_PROBLEM DETAILS_: Each line of data below must be printed exactly as written, with any pictures removed.

_DATA SEGMENT_:
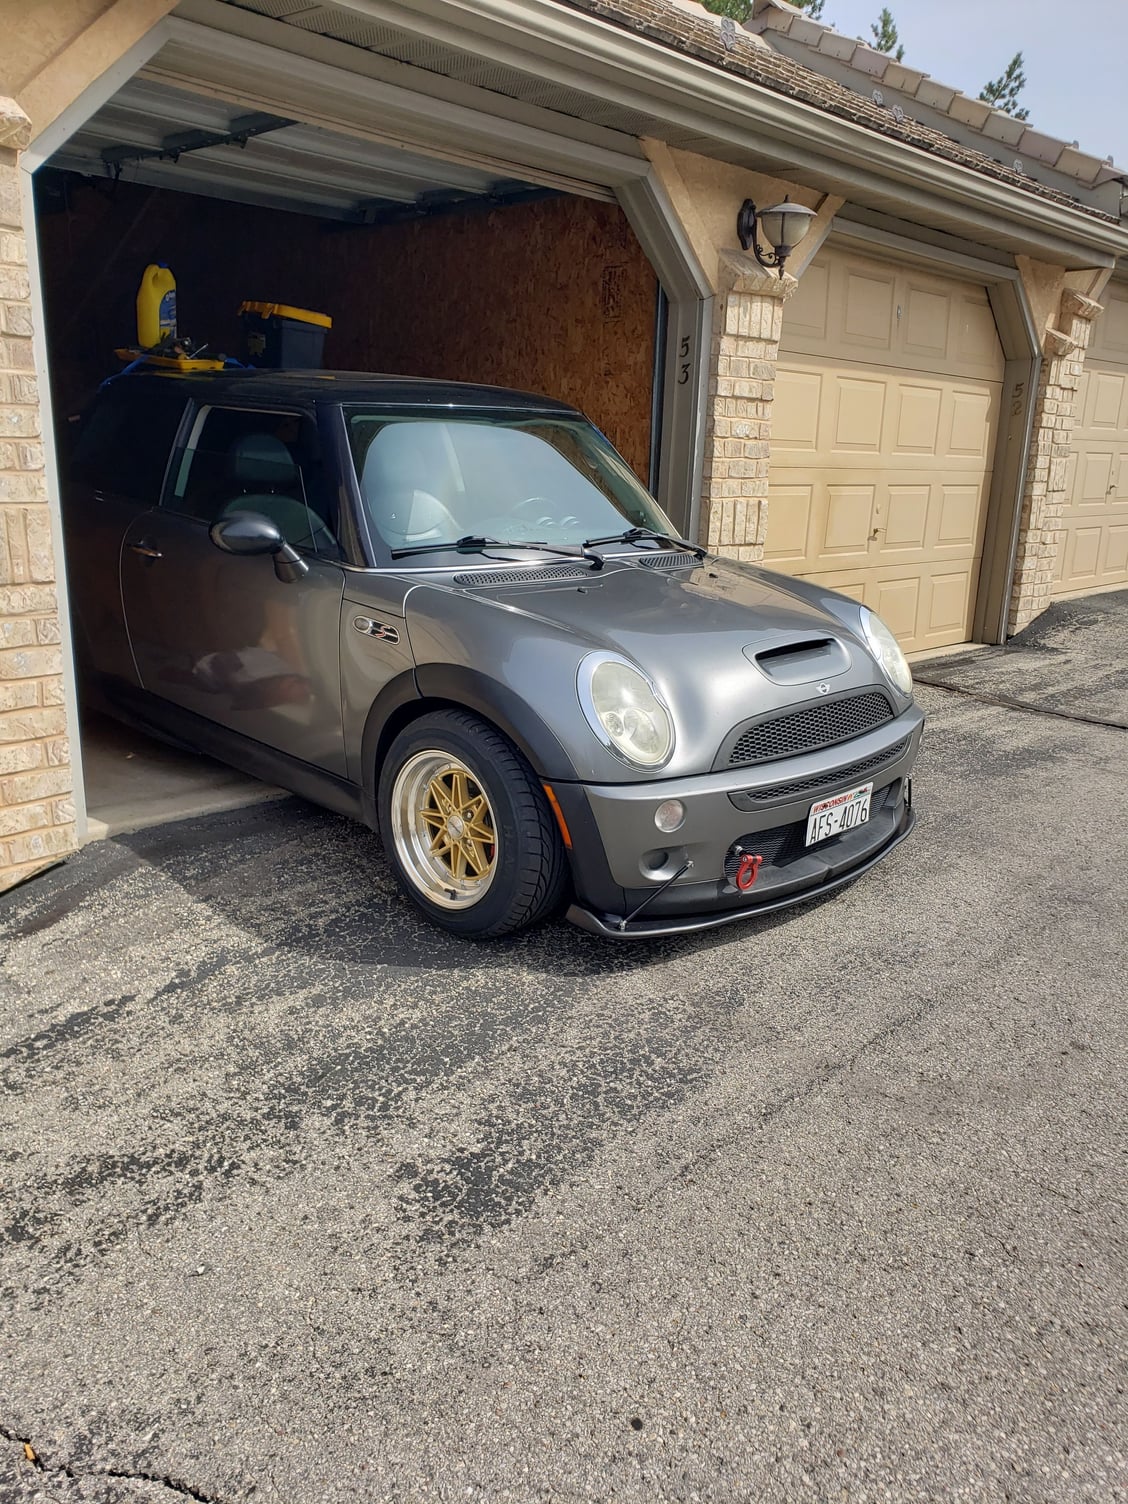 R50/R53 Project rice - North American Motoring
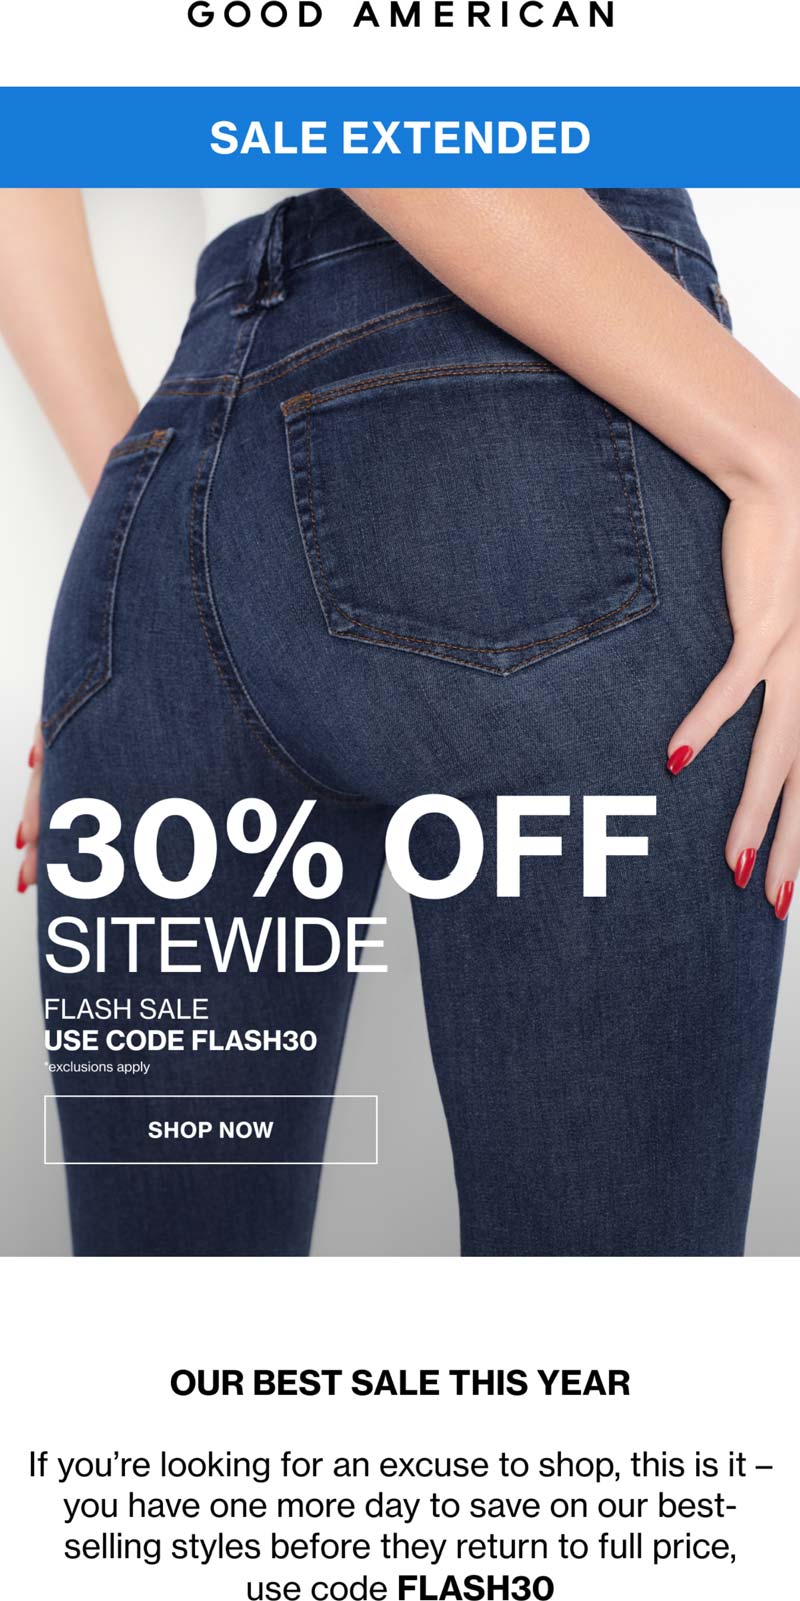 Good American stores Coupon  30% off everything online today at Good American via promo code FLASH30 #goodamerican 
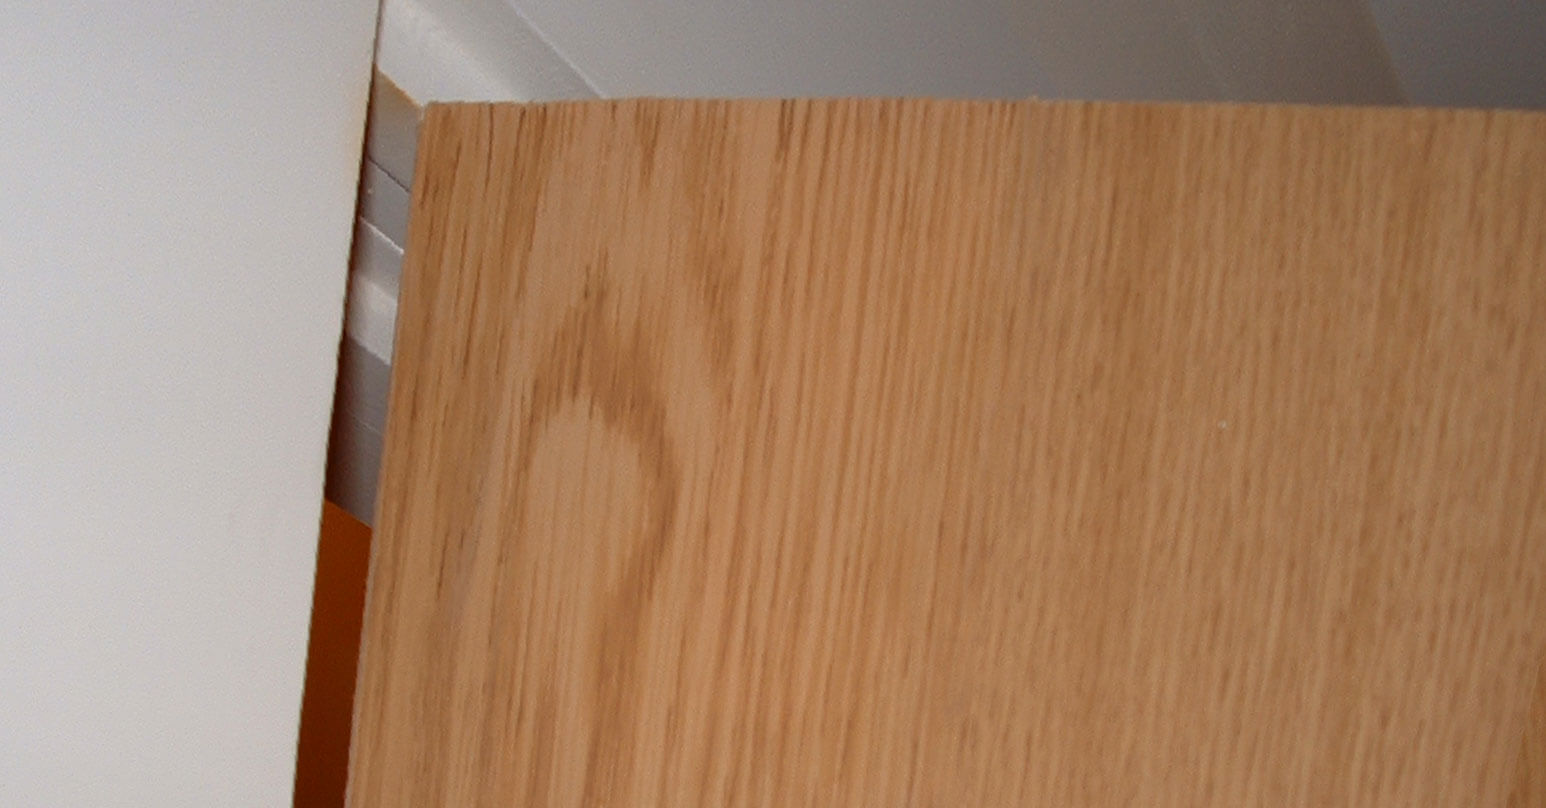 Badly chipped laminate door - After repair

_RESULT_:
 R50/R53 Project rice - North American Motoring
 Good American stores Coupon  30% off everything online today at Good American via promo code FLASH30 #goodamerican 
 Badly chipped laminate door - After repair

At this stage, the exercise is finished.